The Story: A new survey finds the reason people avoid going to church is more often for practical or personal reasons, rather than lack of belief.

The Background: A new Pew Research Center survey asked Americans why they do or do not regularly go to church, synagogue, mosque or another house of worship. The overwhelming reason why people attend such services is to feel closer to God. But their reasons for staying away are more complicated.

Less than one-third (28 percent) say they don’t go because they are unbelievers. Among self-identified Christians, the predominant reason that non-churchgoers offer for not attending worship services is that they practice their faith in other ways. Almost half of evangelicals in this category (46 percent) say this is a very important reason for not going to church more often. The next most common reason evangelicals give for not attending services is that they haven’t found a church or house of worship they like (33 percent).

One-in-five evangelicals says they dislike the sermons, and a little more than one-in-ten (11 percent) says they do not feel welcome at religious services. About one in four (26 percent) cites logistical reasons for not going to religious services, such as not having the time or being in poor health.

As Pew notes, more than half of those who do not attend church or another house of worship for reasons other than non-belief are women, and they tend to be older, less highly educated, and less Democratic compared with those who do not go because of a lack of faith. Meanwhile, those who refrain from attending religious services because they are non-believers are more highly educated and largely male, young, and Democratic.

What It Means: Ask most churchgoers why think people in their community don’t join them in the pews and they’re likely to say it’s because most people aren’t believers. Yet ask those same church attenders how many people in America claim to be Christian and they’ll probably give close to the correct answer (i.e., 75 percent).

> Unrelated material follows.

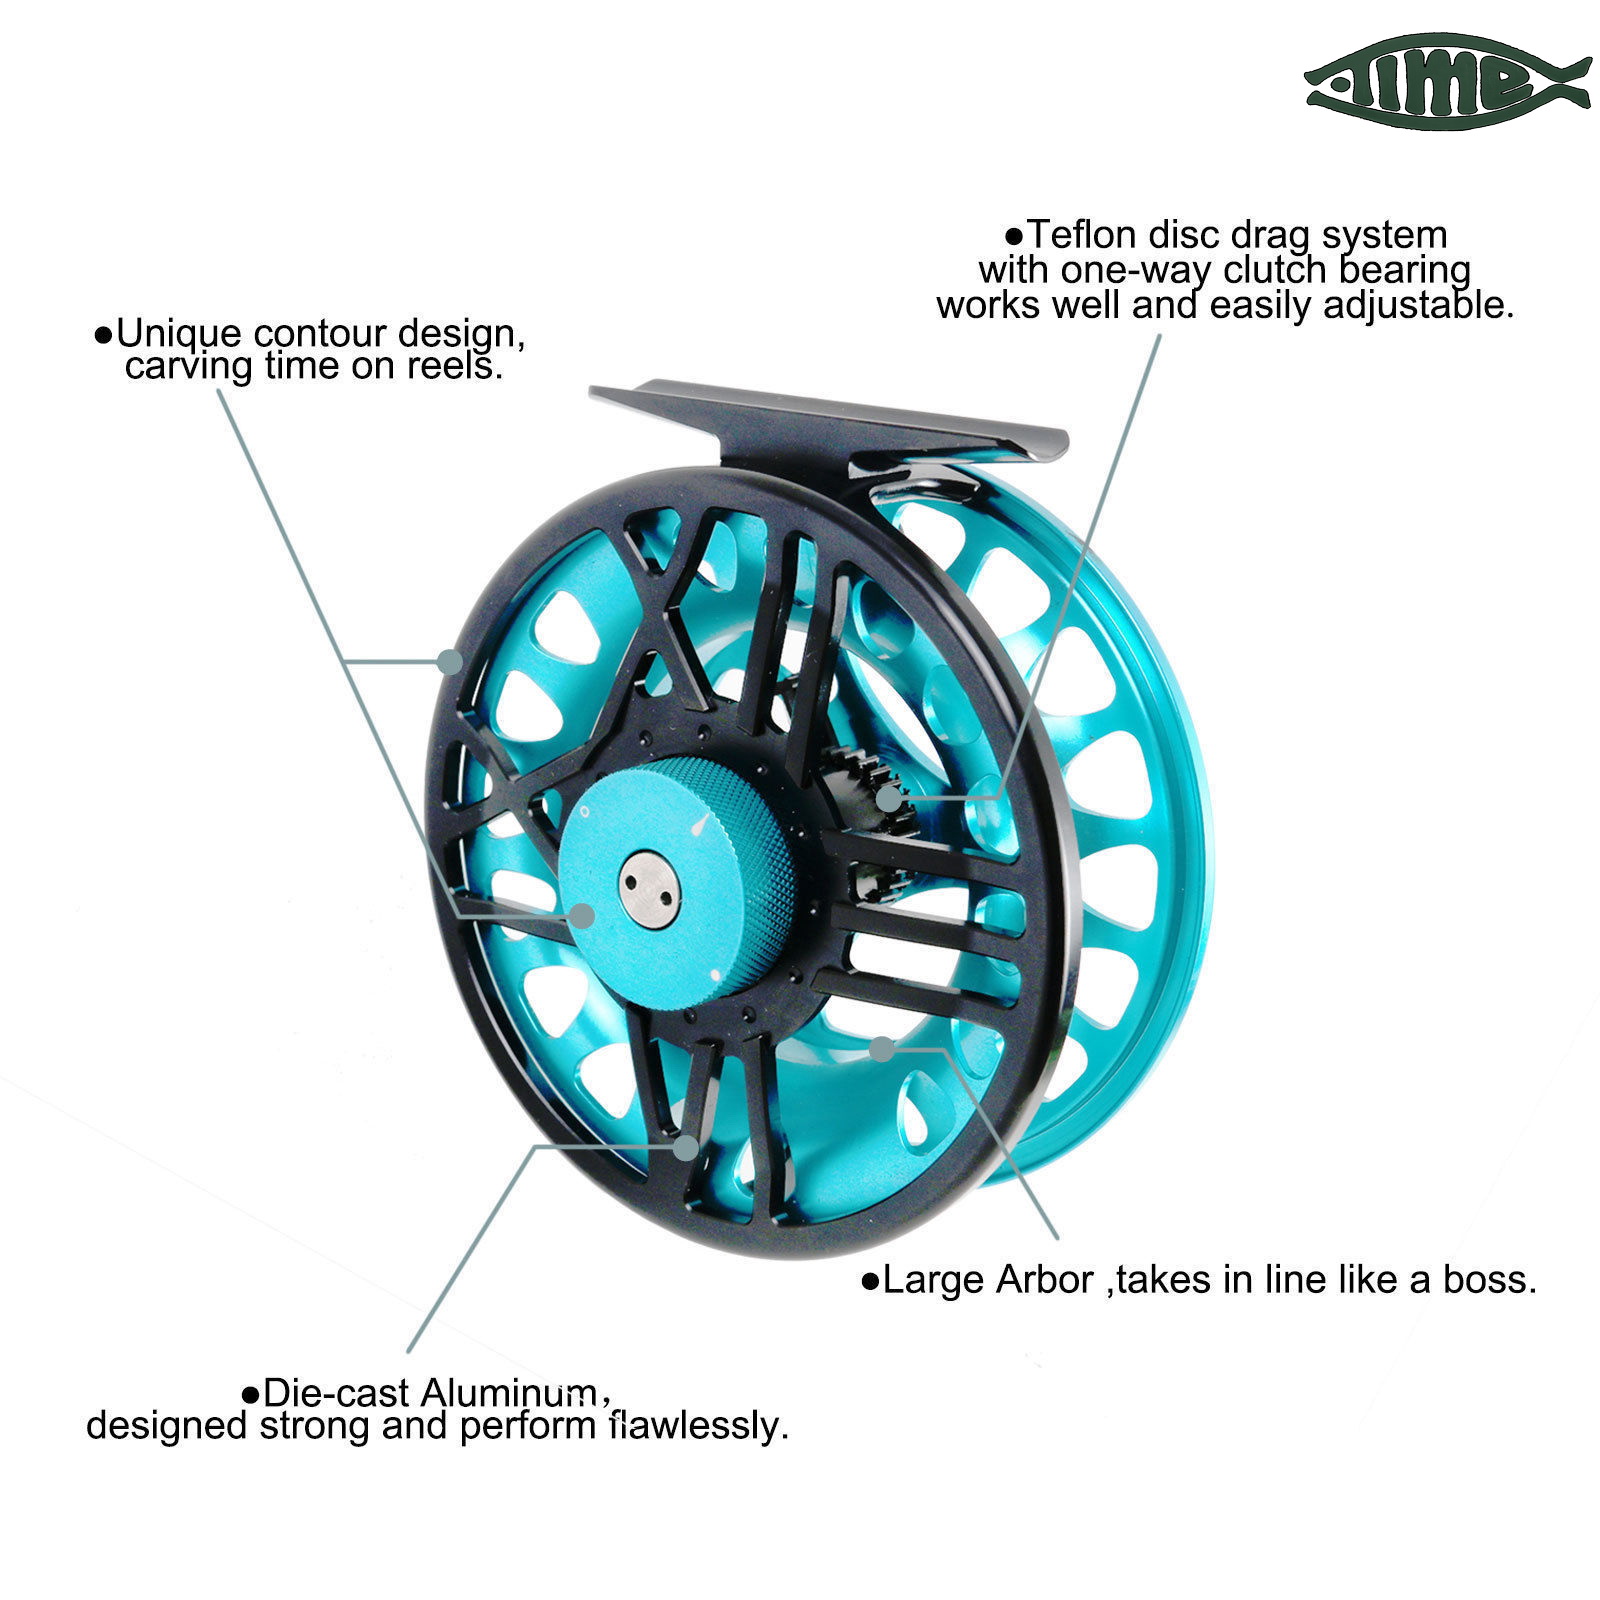  GFRGFH Fly Fishing Reel 5/6 Full Metal Fly Reel Fishing with  CNC Machined Aluminum Alloy Body Silver Aluminum Alloy Bass Trout Fly Reels  : Sports & Outdoors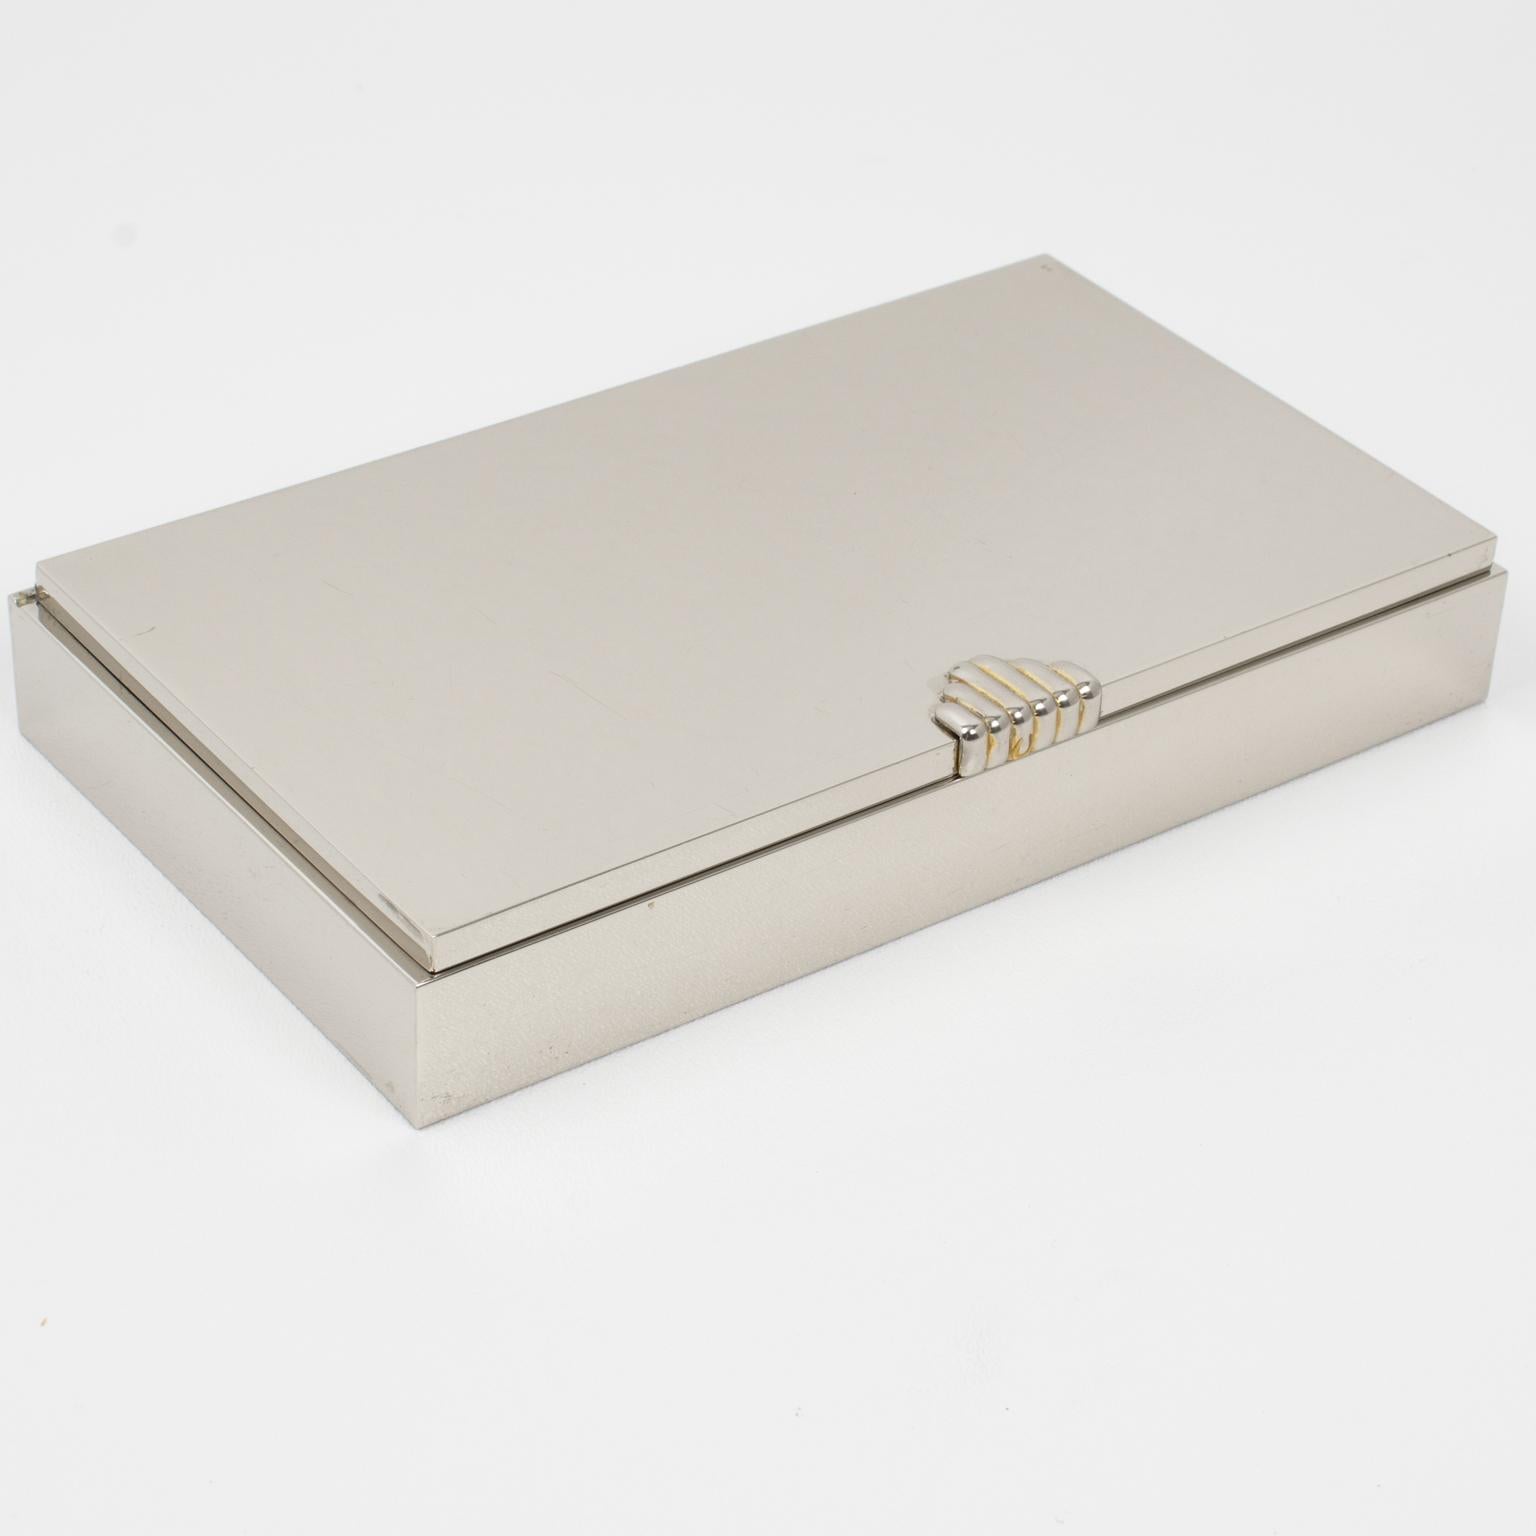 Maison Lancel Paris designed and crafted this stylish decorative lidded box in the 1980s. The minimalist rectangular shape has a sleek design with polished chromed metal complemented gold plated application on the carved handle to increase the

Perhaps I’m misjudging their responses, but it’s what I would have answered. As a pastor in a young church plant I tend to think of the “unchurched” as non-believers rather than as merely non-attenders. Despite being hyper-aware of the problem of nominal Christianity in America, I rarely make the connection that my own neighbors are the problem.

And the reason for my cognitive dissonance is likely because I don’t want to call them out on it. I truly believe in the paradox of church attendance: While you don’t have to go to church to be a Christian, if you never go to church you probably aren’t a Christian. But I have a hard time speaking that truth to my neighbor. I wish I had the courage to say, as Ricky Jones says,

I want you to understand that being a part of the universal church without submitting to a local church is not possible, biblical, or healthy.

First, it’s simply not possible. To imply you can be part of the greater community without first being part of the smaller is not logical. You cannot be part of Rotary International without also being part of a local chapter. You cannot be part of the universal human family without first being part of a small immediate family.

Second, it’s not biblical. Every letter in the New Testament assumes Christians are members of local churches. The letters themselves are addressed to local churches. They teach us how to get along with other members, how to encourage the weak within the church, how to conduct ourselves at church, and what to do with unrepentant sinners in the church. They command us to submit to our elders, and encourage us to go to our elders to pray. All these things are impossible if you aren’t a member of a local church. (See 1 and 2 Corinthians, James, Ephesians, 1 and 2 Timothy, and 1 Peter for references.)

Asking where the Bible commands you to be a church member is like asking where the USGA rulebook for golf insists you be a human. The whole book is addressed to the church.

This latest Pew survey is a reminder that if I love my neighbor—especially my nominal Christian neighbor—I will tell them, as my colleague Jeff Robinson says, that “when we say church membership/attendance is optional, we are also tacitly rejecting the very people Christ ‘bought with his own blood’ (Acts 20:28).” I need to find the courage to tell them that Christianity is not a choose-your-own path religion, and that the people we are to associate with have already been chosen for us.